Objective 2: Provide community support services, such as lending help to the community of maize researchers with respect to developing and publicizing a set of guidelines for researchers to follow to ensure that their data can be made available through MaizeGDB; coordinating annual meetings; and conducting elections and surveys.
1b.Approach (from AD-416)
Data integration: To best leverage the cooperative spirit of the maize community, we will encourage the use of a set of Community Curation Tools to enable researchers to deposit their own small datasets into the database directly. To reduce secondary curation of data, we will generate standards for data deposition and define file formats for automated inputs of large datasets and will work in concert with maize researchers as they devise methods for initial data storage so that the data transition to MaizeGDB is simplified. Shift to a sequence-centric paradigm: To allow researchers to visualize a gene within its genomic context and to visualize gene products within the context of relevant metabolic pathways annotated with ontology terms, we will develop new views of the data. We will link sequence data to relevant datasets, especially the centrally important maps such as (1) IBM2, (2) its neighbors, and (3) the new maize diversity map. We also will incorporate a genome browser into the MaizeGDB product to create a view that includes all major genome assemblies and predicted gene structures and displays the official maize genome annotation. Community coordination: We will conduct critical maize genetics community functions including coodinating and conducting annual meetings, elections, and surveys and preparing the Maize Newsletter.
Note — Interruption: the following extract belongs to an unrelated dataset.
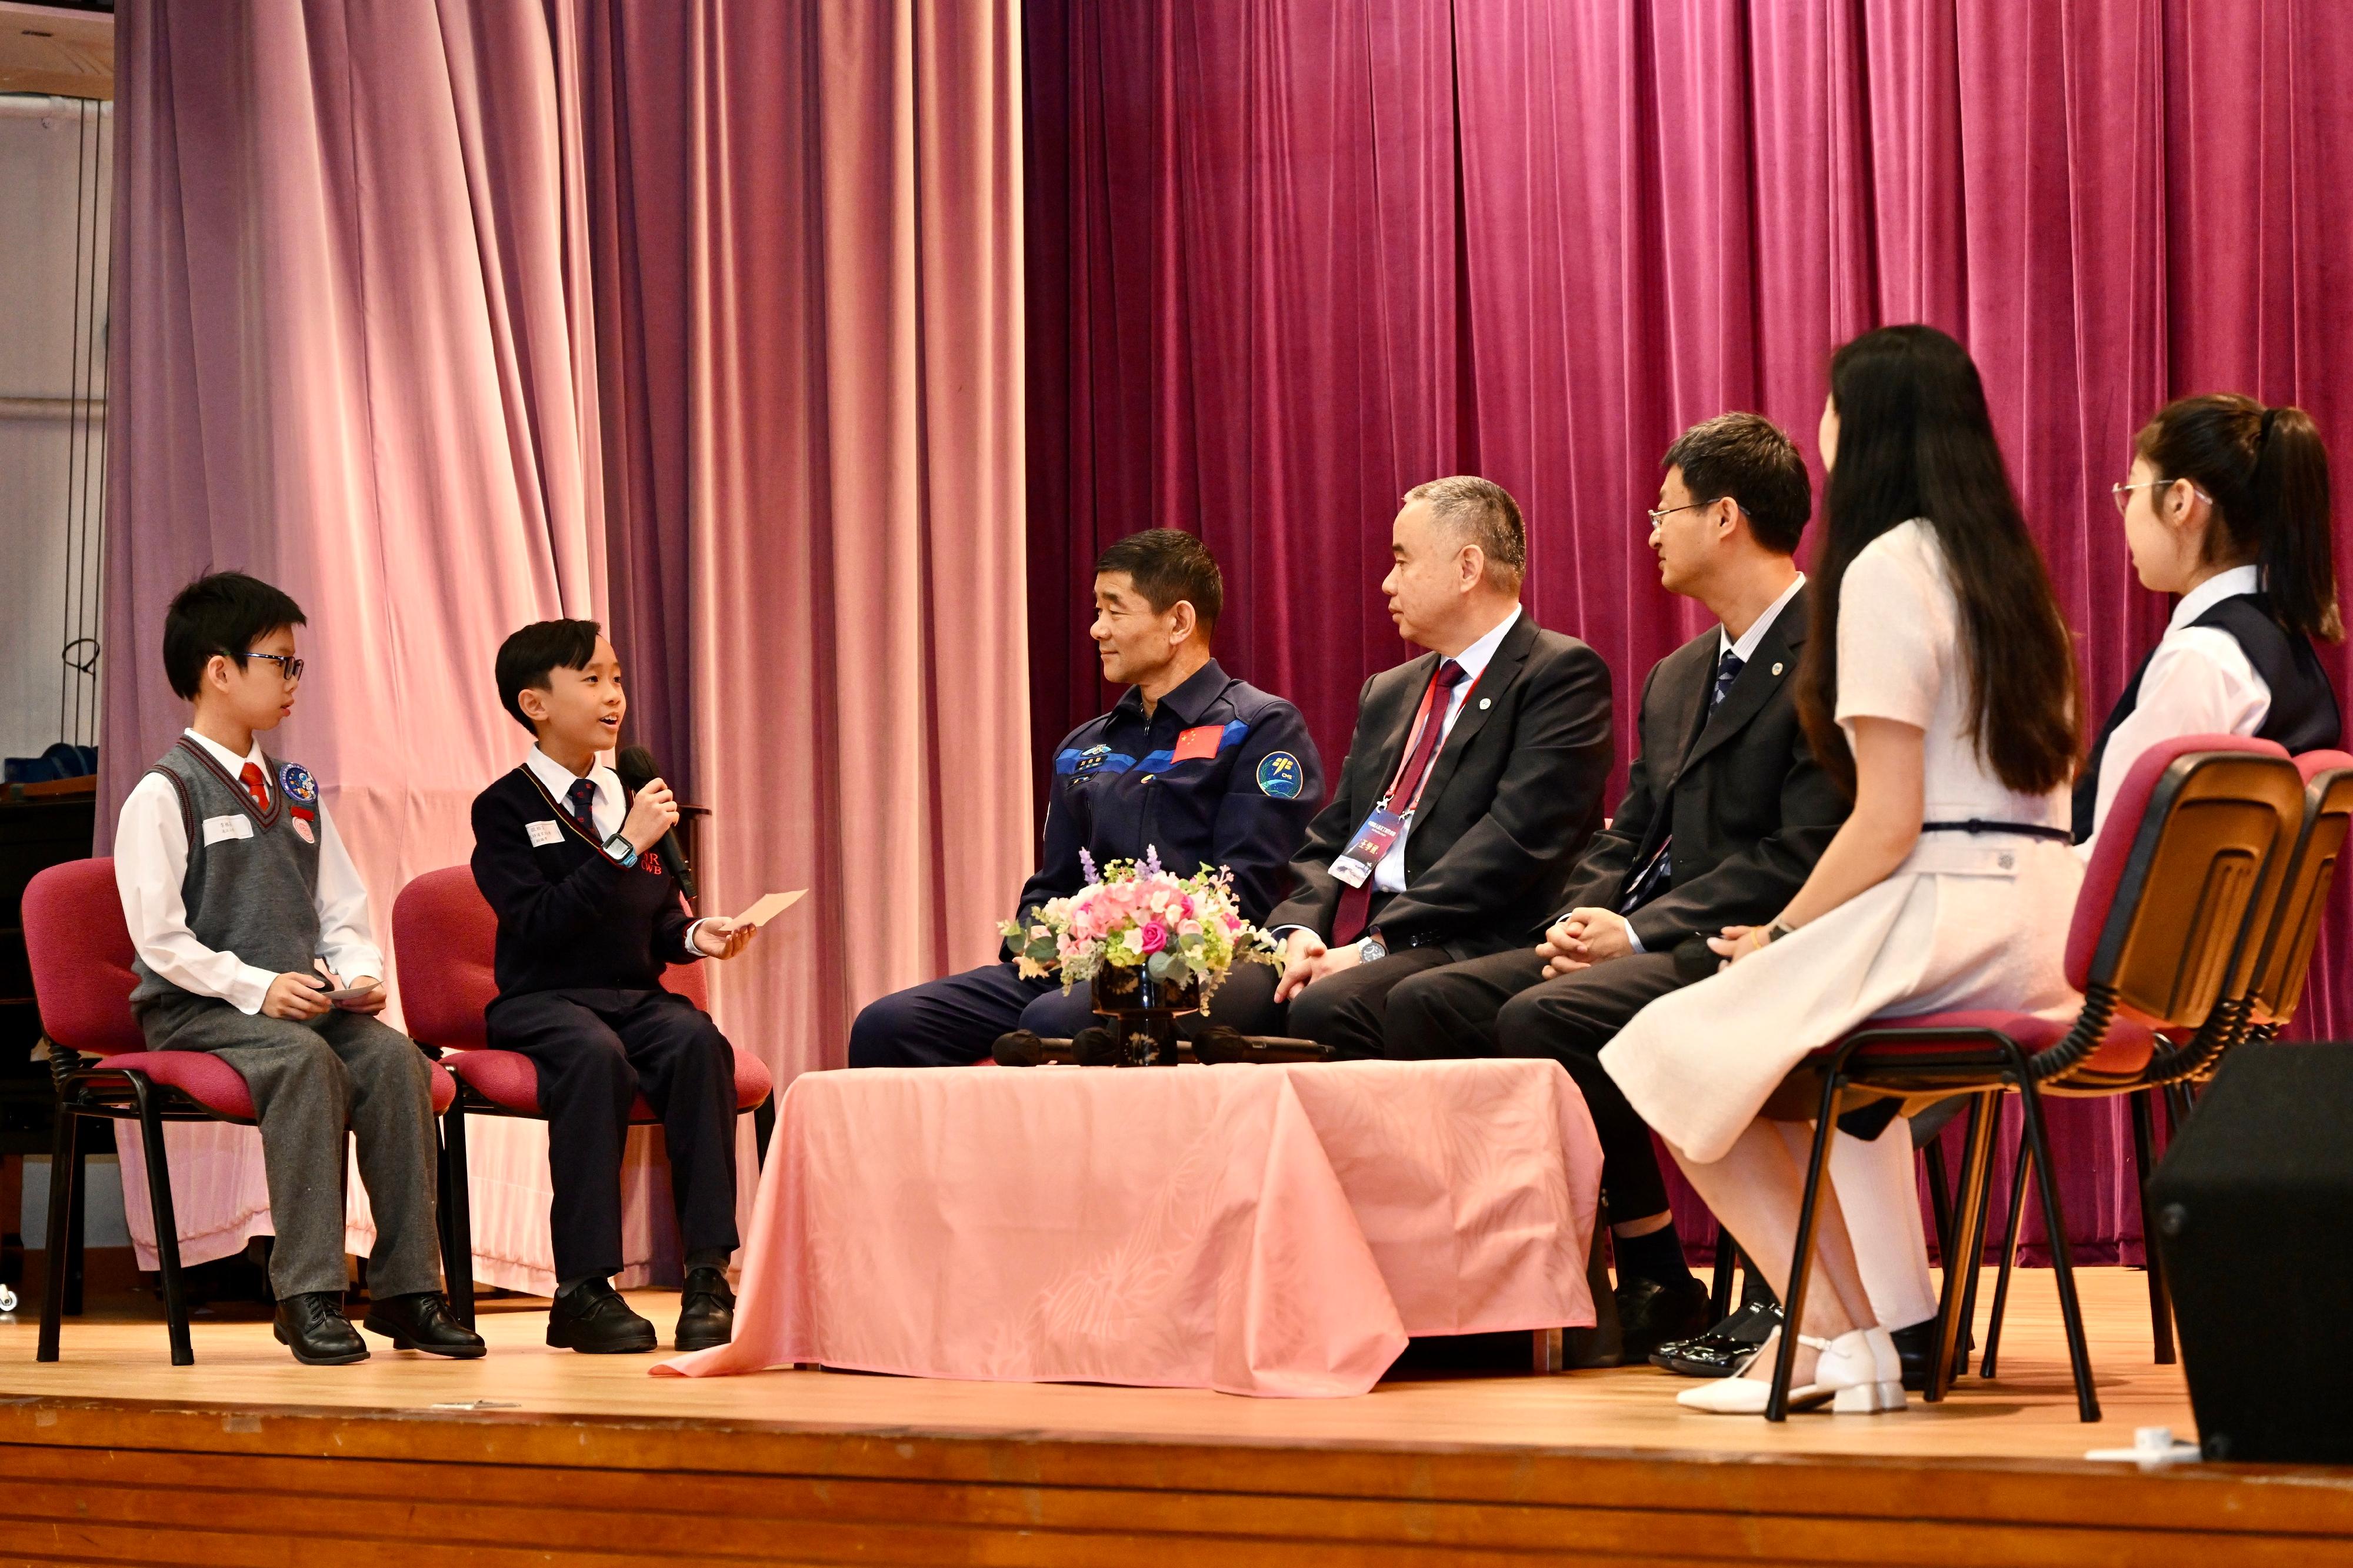 The China Manned Space delegation continued their visit in Hong Kong today (November 29). Photo shows (from third left) Shenzhou-12 astronaut Mr Liu Boming, and delegation members Mr Wang Xuewu and Mr Zhong Hongen, attending a dialogue session with students at Ma Tau Chung Government Primary School (Hung Hom Bay).

ARS scientists working on the Maize Genomic Database (MaizeGDB) in Ames, IA, Columbia, MO, and Albany, CA worked to improve tools that make the maize genome sequence useful for investigative researchers. Project personnel added significant data (including but not limited to reference maps, map scores, insertional mutant, locus, gene model, and sequence information for all subspecies of maize) to the database. Most notably, the expression of maize genes across 60 tissue types and developmental stages was mapped to the genome sequence in a way that researchers can quickly determine the relative expression of genes across various tissues and treatments. MaizeCyc, another resource that has been developed and deployed, allows the gene set of maize to be mapped to highly curated metabolic pathways to determine how expression of genes contributes to phenotypes. At this time, all major published recombination-based genetic maps have been brought into the MaizeGDB resource. The data management and display system called ZeAlign now coordinates integration of individual investigator data with the deluge of next generation sequencing data and prepares such datasets for automatic upload to the MaizeGDB Genome Browser. We continue to develop and use controlled vocabularies and ontologies to describe developmental, growth, and anatomic aspects of visible phenotype trait variation and also, new this year, to apply these to molecular gene expression data. In addition, personnel have put in place an infrastructure that ensures that MaizeGDB will always be available for researchers' use. Work carried out by the MaizeGDB team has resulted in improved communication among maize researchers worldwide, increased ability to document the results of experiments, and increased availability of information relative to high impact research. Collaborations are being monitored by meetings, phone calls, and e-mail communications.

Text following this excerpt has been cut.